Segment Open
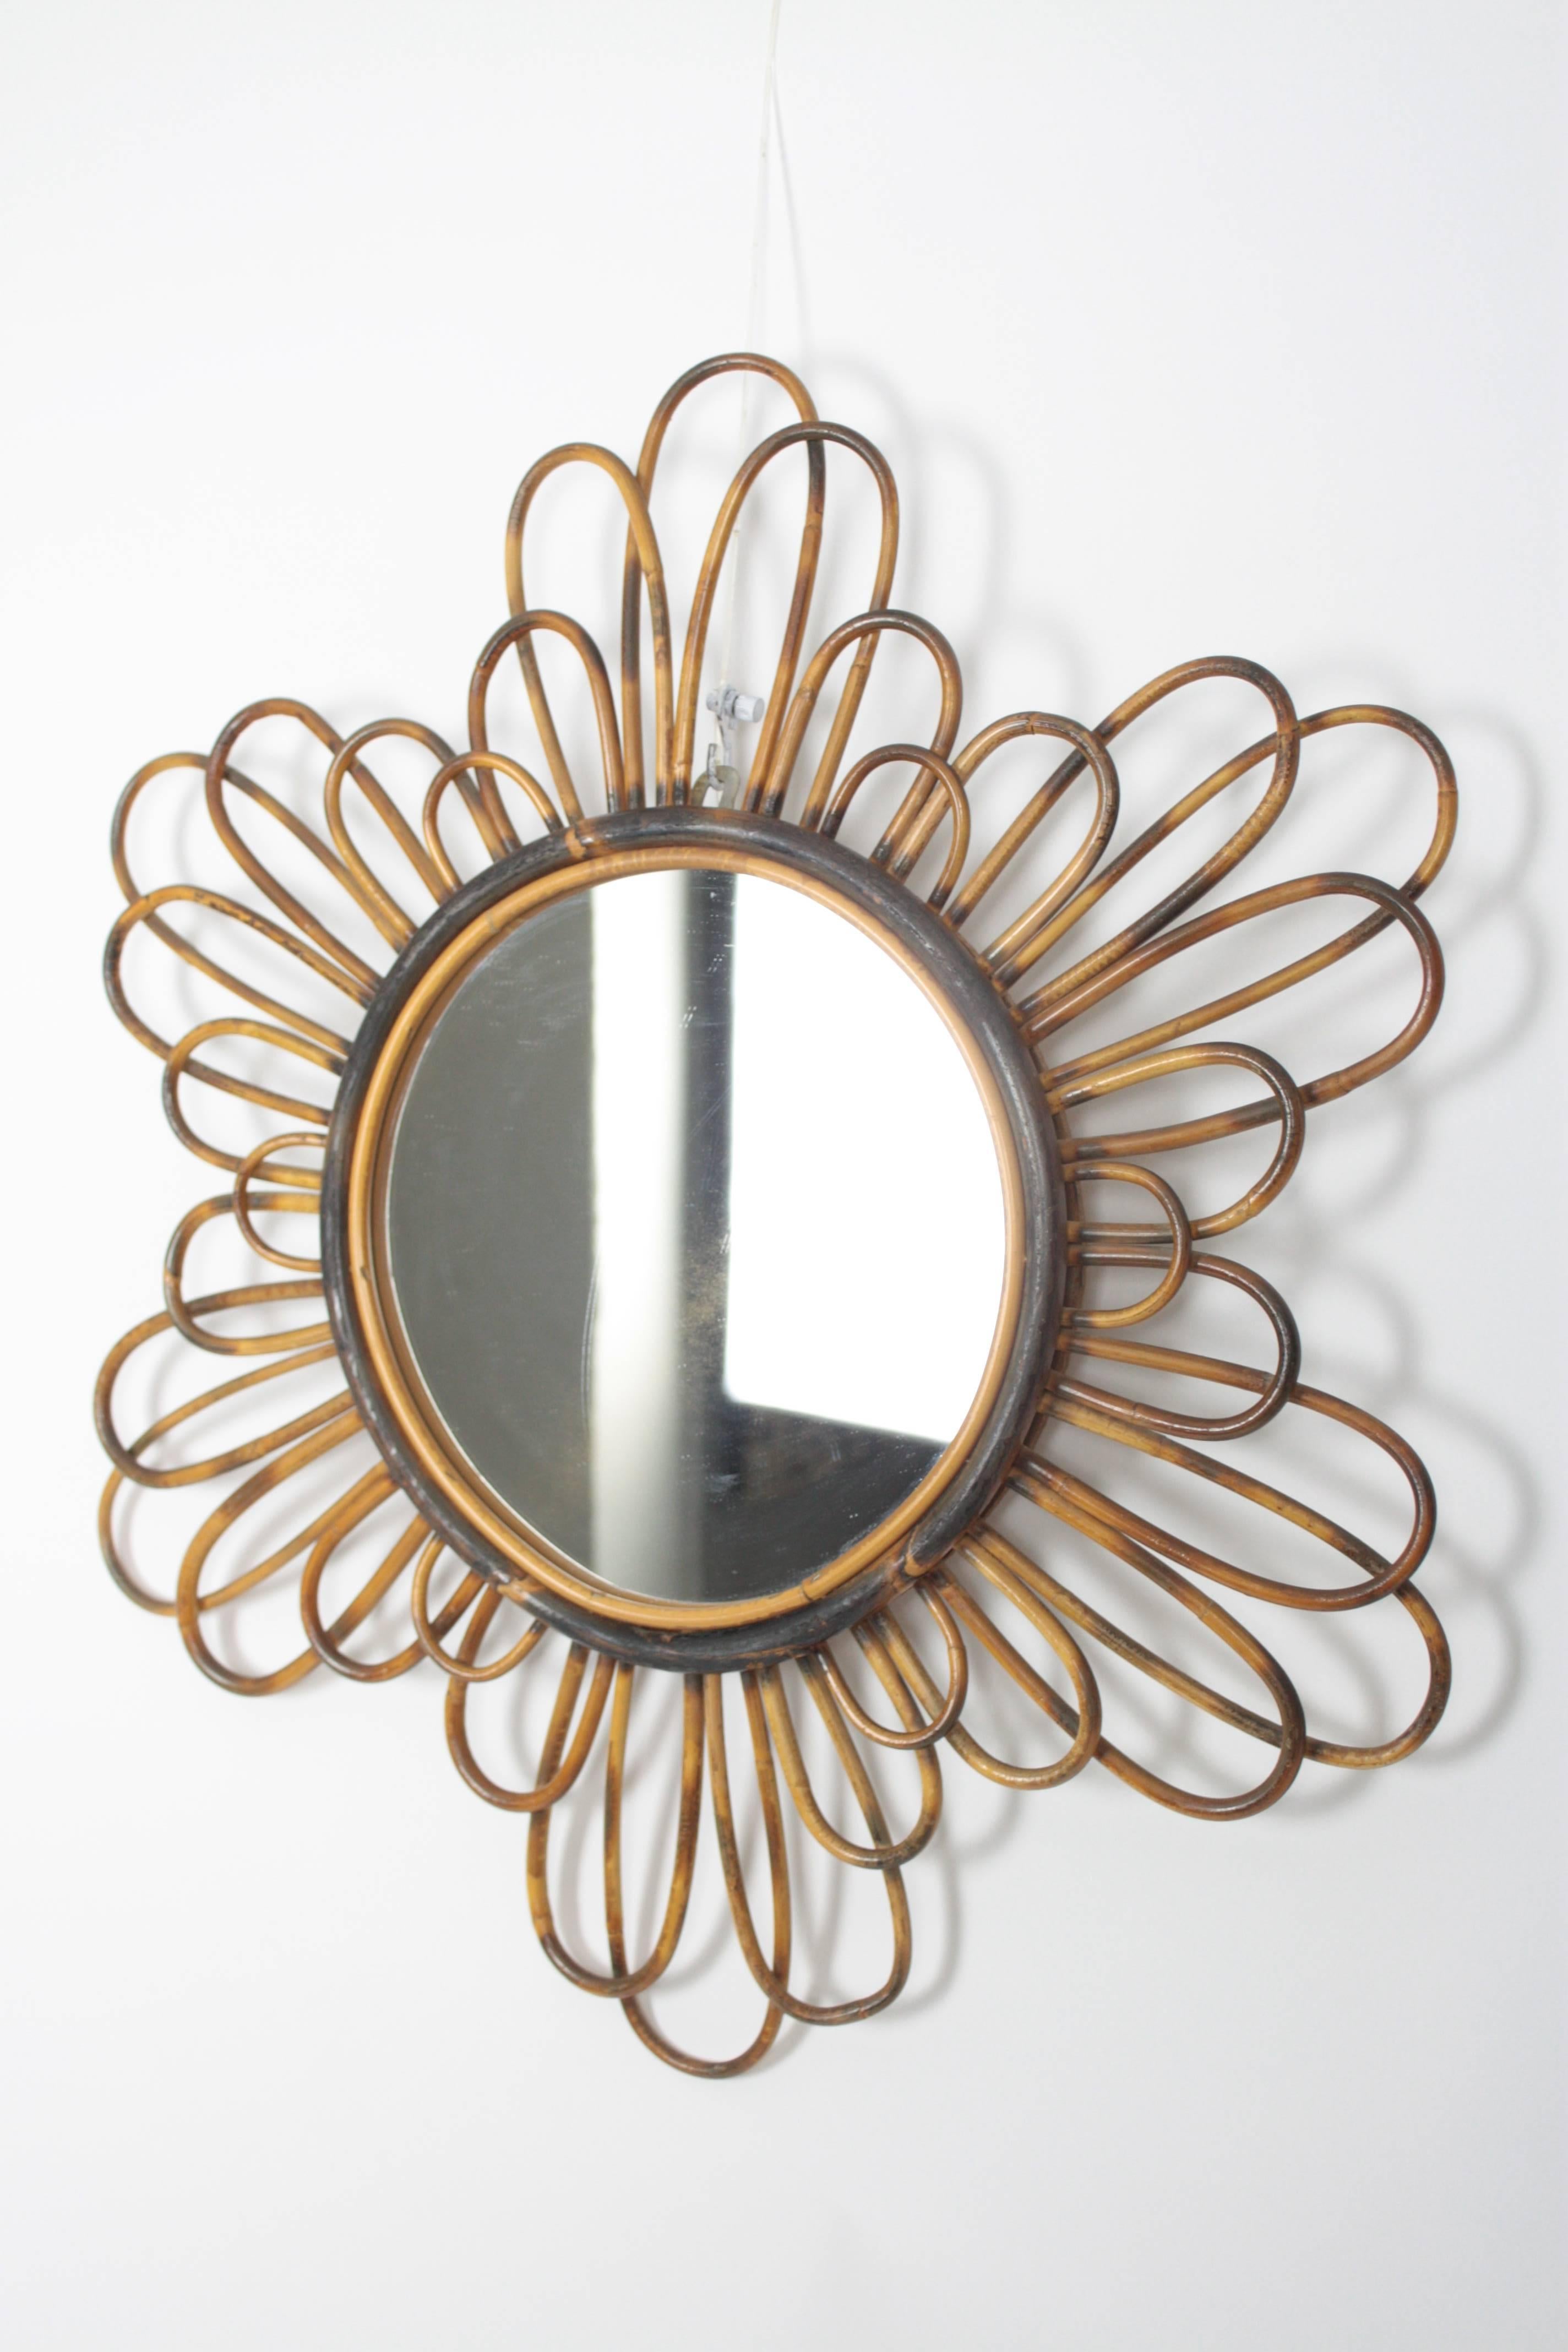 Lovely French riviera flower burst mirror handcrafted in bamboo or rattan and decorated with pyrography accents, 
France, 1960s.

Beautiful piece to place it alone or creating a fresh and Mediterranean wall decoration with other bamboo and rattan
Segment Closed
Task details: Restate word for word the lines from the line containing "France, 1960s." through the last line of the listing, inclusive, and nothing beyond them.

Exercise result:
France, 1960s.

Beautiful piece to place it alone or creating a fresh and Mediterranean wall decoration with other bamboo and rattan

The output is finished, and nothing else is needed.